Outlandish Hyperbole Expected to Bring Steve Jobs Back to Life
The death of Steve Jobs has unleashed a flood of journalistic hyperbole in the hope that it would revive the great man. As accomplished as Jobs inarguably was, the headlines have -- so far -- stopped just short of endowing him with Caesar-like divinity. But headline-writers may have to go a step further, since Jobs has not yet shown any sign of returning to this mortal coil -- despite Slate's brave bid: "The Man Who Invented Our World." We have collected a sampling of additional attempts here:
Jobs' hand visible in creation of known universe?
BREAKING: Steve Jobs, the Edison of our time, dies after public battle with cancer.
In memoriam: Steve Jobs, architect of the 21st century.
In last days, Jobs issued statement prohibiting the word "genius" in memorial press.

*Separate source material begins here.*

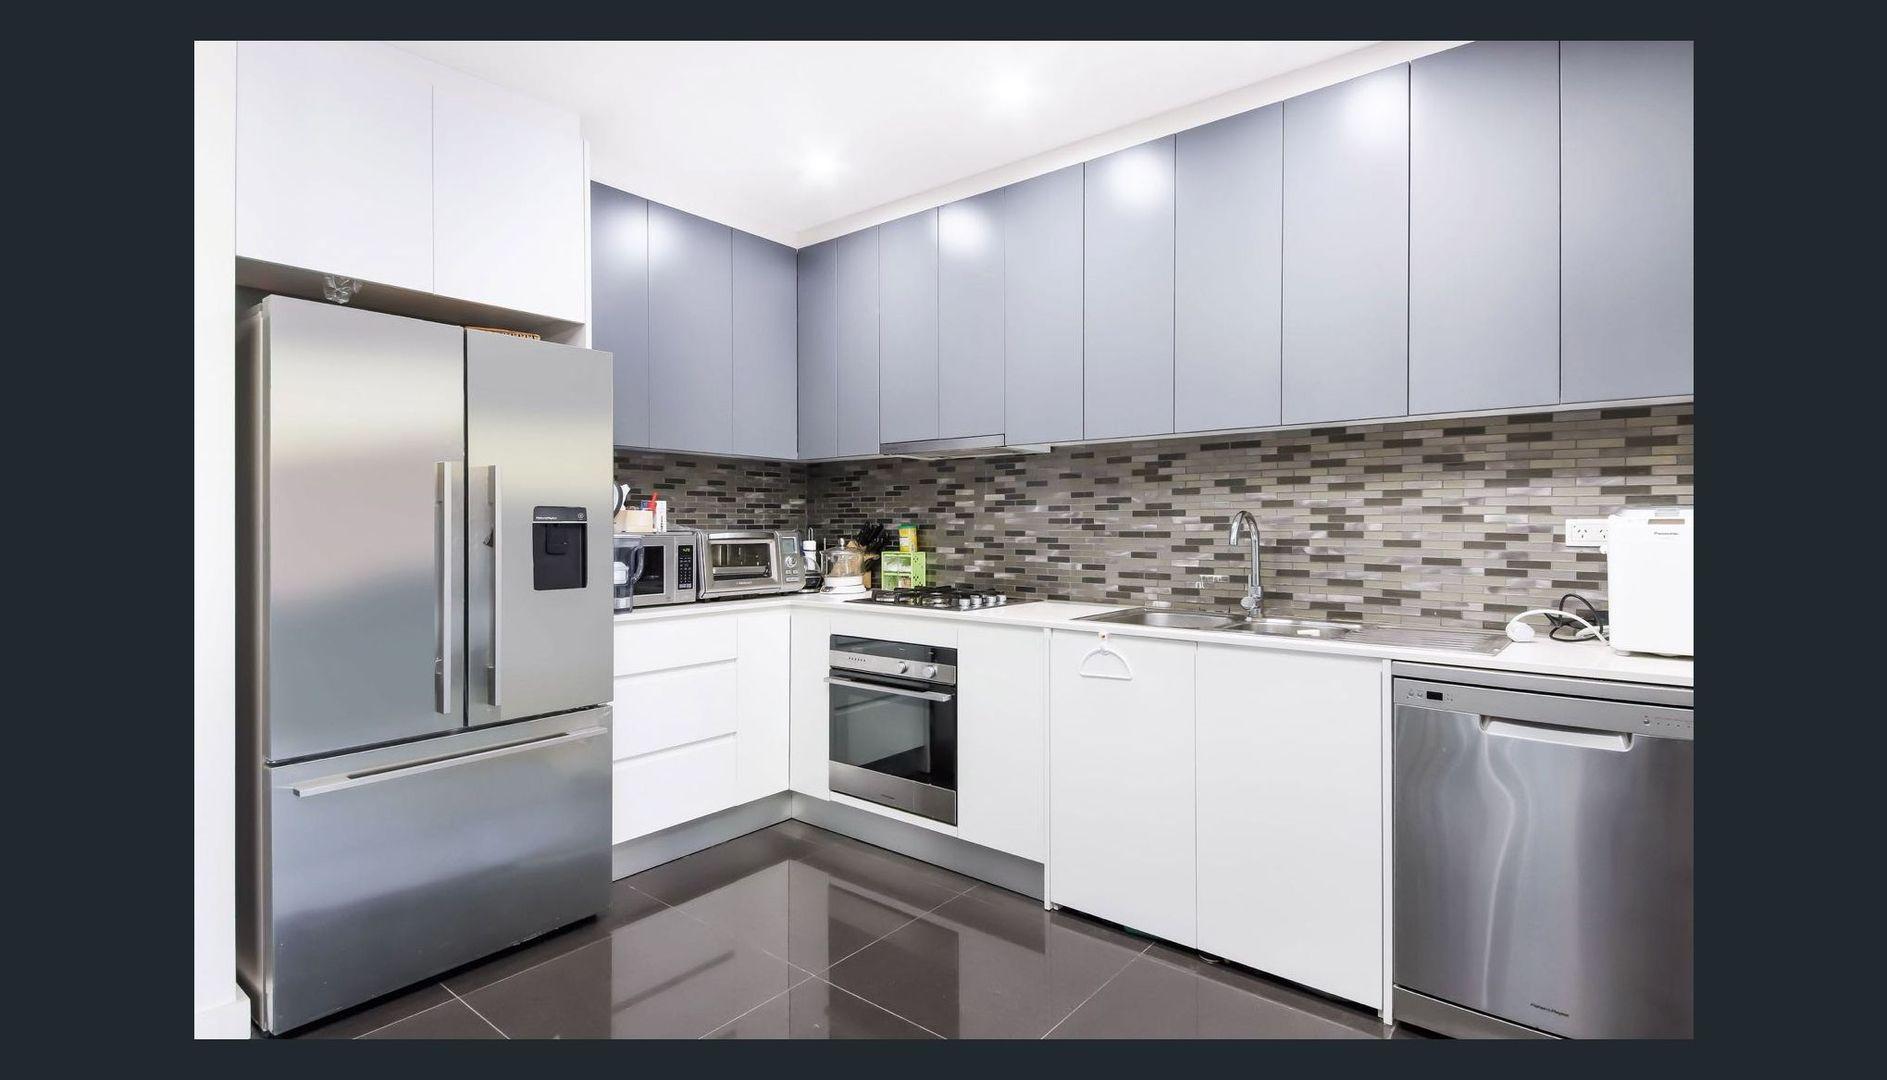 2/209-211 Carlingford Rd, Carlingford NSW 2118, Image 1

Genius Jobs geniused the Genius Bar, other ingenious creations.
Jobs leaves behind mouth-watering recipe for "World's Best Brownies."
Jobs' DNA a mystery; Apple CEO may have self-generated within distant star.
Obama booed at rally over confusion between "jobs" and "Jobs."
In his will, Jobs reveals he was fifth Beatle.
Private papers suggest Jobs had a hand in developing sunlight.
Jobs' hand-picked biographer, Superman, to release book on one-year anniversary of Jobs' passing.
Found in Steve Jobs' files: evidence he fathered human race in a primitive laboratory near Stonehenge.
BREAKING: Mass extinctions expected; Earth's orbit altered after Jobs' death.
BREAKING: Jesus names Jobs "Man of the Millennium."
BREAKING: Jobs followed by suicide cult seeking "afterPod."